- March 2, 2010
- Posted by: Ramki Ramakrishnan
- Category: GBP
In this update, I am going to look at the medium term outlook for Sterling Pound, or GBP/USD. Those who have subscribed to this blog would have seen the last medium term update on cable, (another name for GBP/USD) posted here on 4th August 2009. (here is the link to that post). But the more important medium term update for Sterling Pound was written on 27 May 2009, and I urge you to read that post again. There two updates are pretty good examples of how one could use Elliott Wave analysis to navigate the market. They serve to highlight the fact that we first come up with the direction of the medium term move, and also a ball-park target. As the market unfolds in the anticipated direction, and approaches the said target, we look at fresh clues and adjust the original target to take account of any new information. These tweaks took place over several shorter-term updates which are also documented in this blog. All you have to do is to search under Forex and look for GBP. Over a period of time, we have gone from a monthly chart all the way down to a 10-minute chart! Elliott Wave Principle works in all time frames.

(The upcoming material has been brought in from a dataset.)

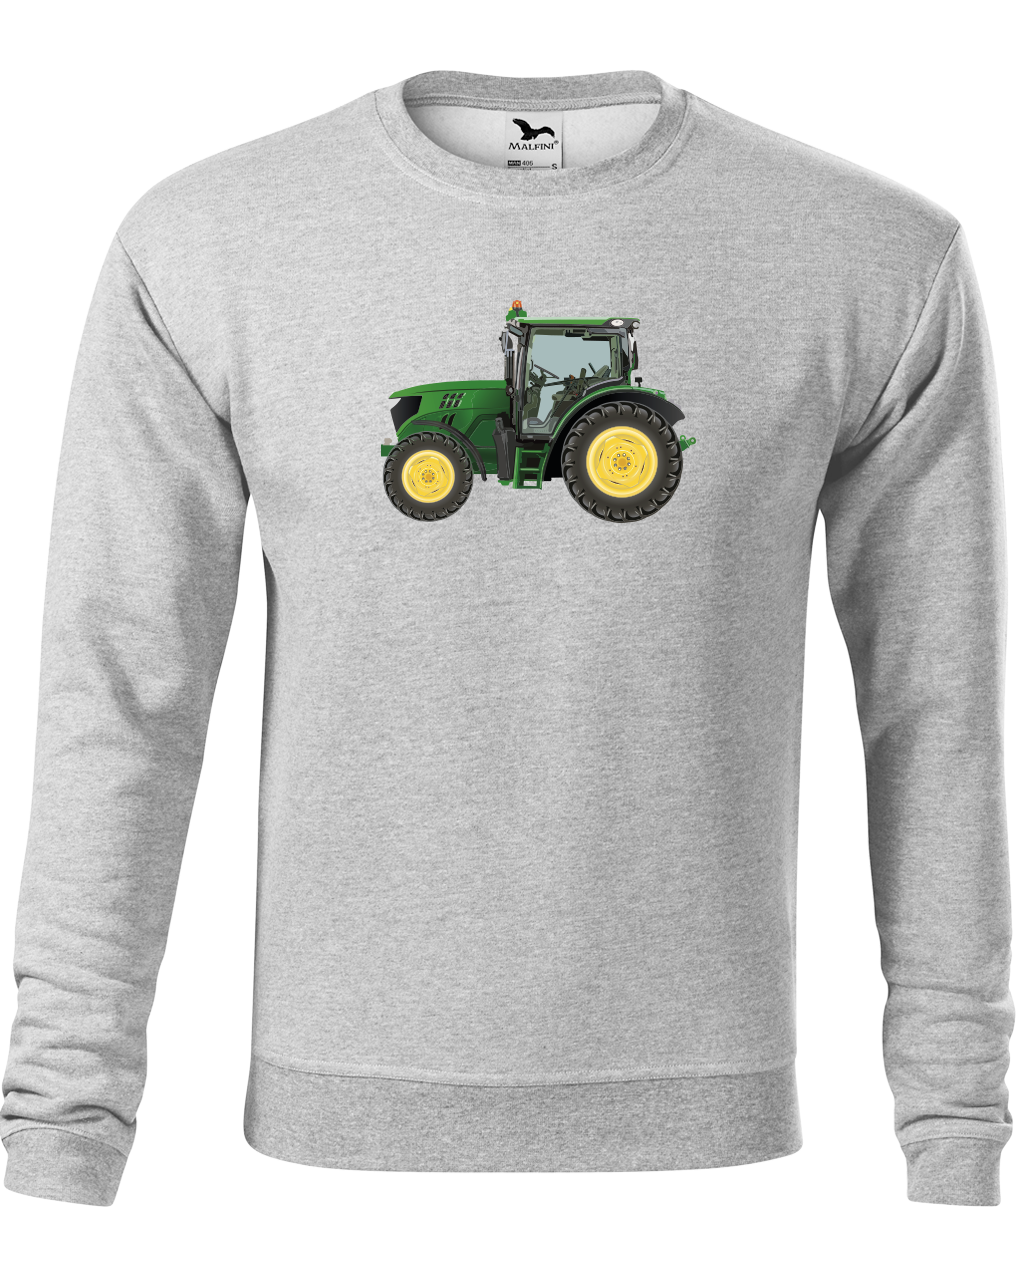 Mikina s traktorem - Zelený traktor Velikost: L, Barva: Světle šedý melír

The recent insistance by Mr Mervyn King that the Bank of England cannot rule out fresh quantitative easing only confirms that there are a lot of downside risks for the UK. Clearly this is not supportive for the Sterling Pound. But let us go back to the GBP/USD charts. As you can see here, a key support has broken decisively and we are headed towards 1.4700 as a first step. Allow for a few sessions of back-and-forth moves (part of a mini 4th wave pattern) and then fresh selling to come forth again. While we stay below 1.5250 now the Sterling Pound will remain under considerable pressure and gradually ease down to 1.4150 initially, and should the going get tougher (perhaps with a hung parliament), we can even say the original target of 1.3300 area is within reach in the coming months.